Whoo-hoo! Just got tooth #7....and tooth #8 looks like it's going to drop soon! Will she swallow it, or give me another one? I won the tooth lottery with this puppy!


----------



## DNL2448 (Feb 13, 2009)

Ha! I got you all beat! I have puppy teeth and the OCD chips removed from Tucker's shoulder and Trip's elbow! Plus as a bonus, I have one of my horses (from years ago) teeth! Yep, we're crazy all right!


----------



## Bentley's Mom (May 19, 2011)

Bentley still won't give up any. I've now resorted to only let him play with toys that I think the teeth might stick in. 

*- I'm not a mean puppy mommy. I rotate his toys to keep his interest. This week he just happened to not get any hard type chew toys :


----------



## KatieBlue'sMidnightSky (Feb 22, 2011)

I don't know, Bentley's Mom....the last tooth I got was because I gave her something nice and hard to chew--elk antler. Sneaky! The 8th one I mentioned--gone. Must of fallen out when she was chewing on any multitude of things she picks up during our walks! Sticks, cups, rocks, tennis balls, (several courts along creek), wood chips, toilet stopper (srsly! that was in the creek! this is a really nice area too, so I have no idea what a toilet stopper was doing in the creek! Looked fairly new, haha) When we got home, I looked inside, and it was gone.

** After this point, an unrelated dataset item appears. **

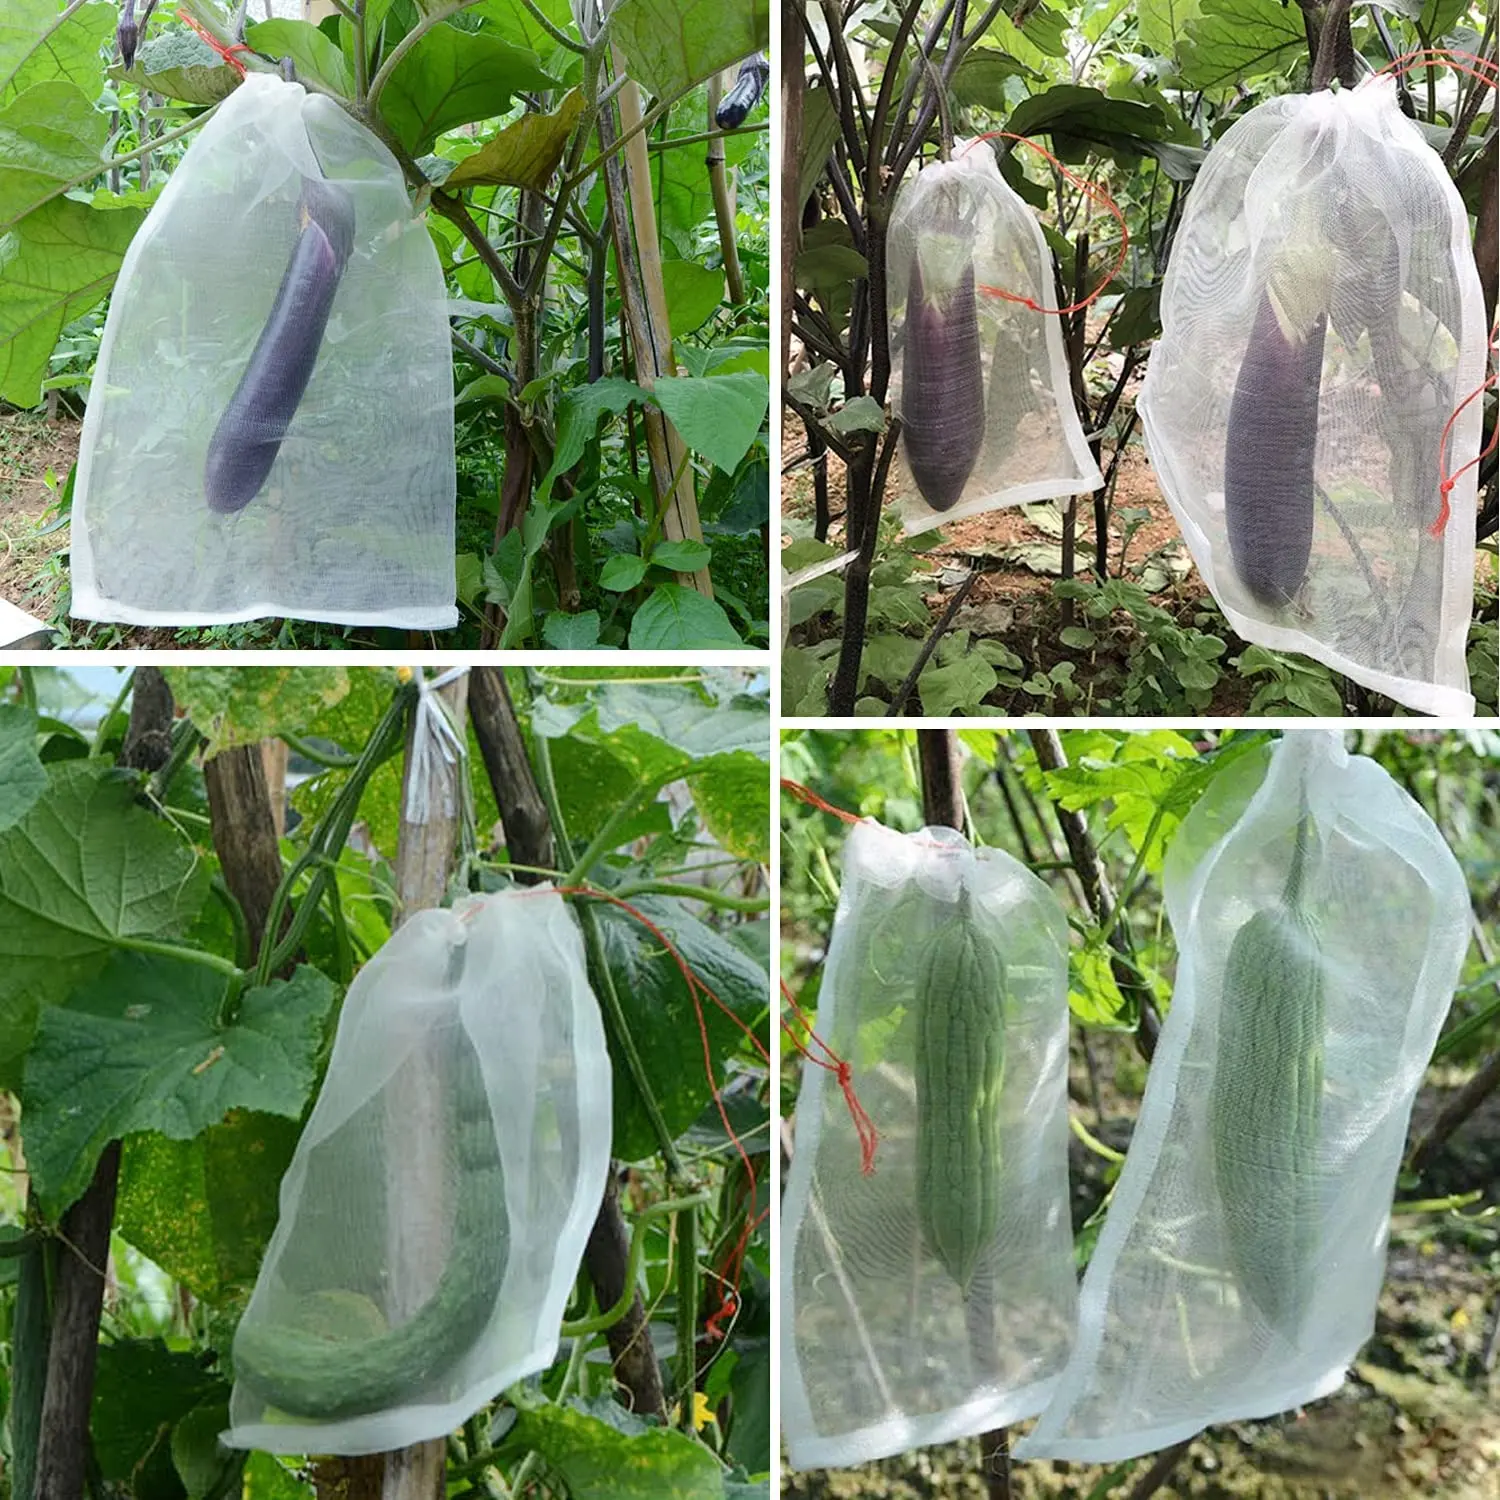 Polyethyleen Insectengaaszak Tuinnetzakken Met Trekkoordgaas Voor Het Beschermen Van Fruit En Groente
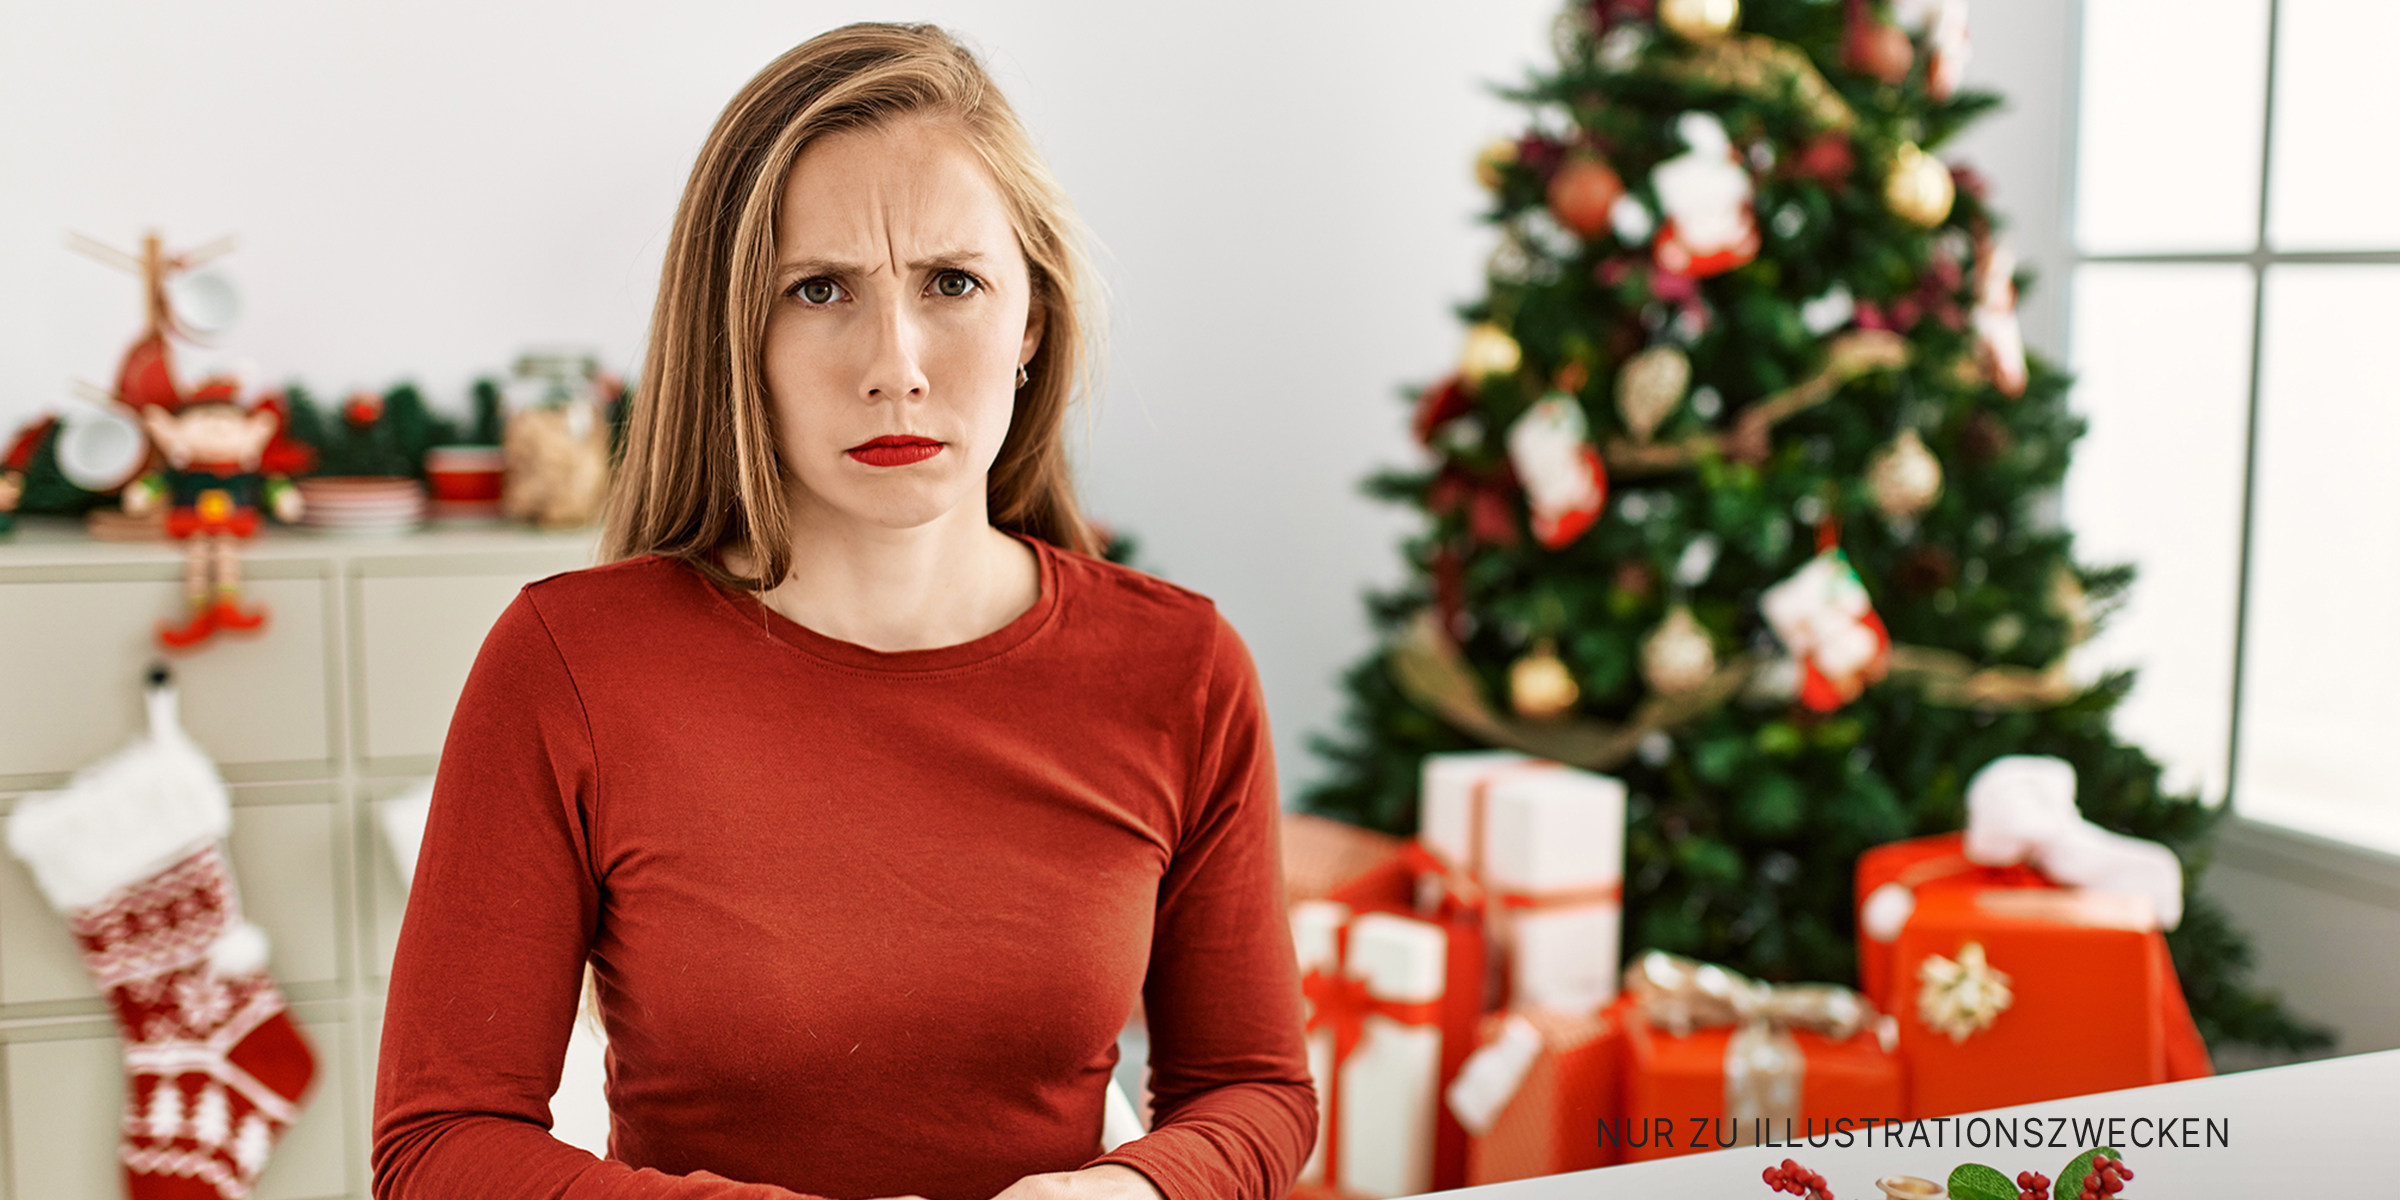 Eine wütende Frau, die vor einem Weihnachtsbaum steht | Quelle: Shutterstock

Come on Bentley! Give your mamma a tooth already! :nervous:...this is your mamma looking all over for that one prized puppy tooth! 



Bentley's Mom said:


> Bentley still won't give up any. I've now resorted to only let him play with toys that I think the teeth might stick in.
> 
> *- I'm not a mean puppy mommy. I rotate his toys to keep his interest. This week he just happened to not get any hard type chew toys :


----------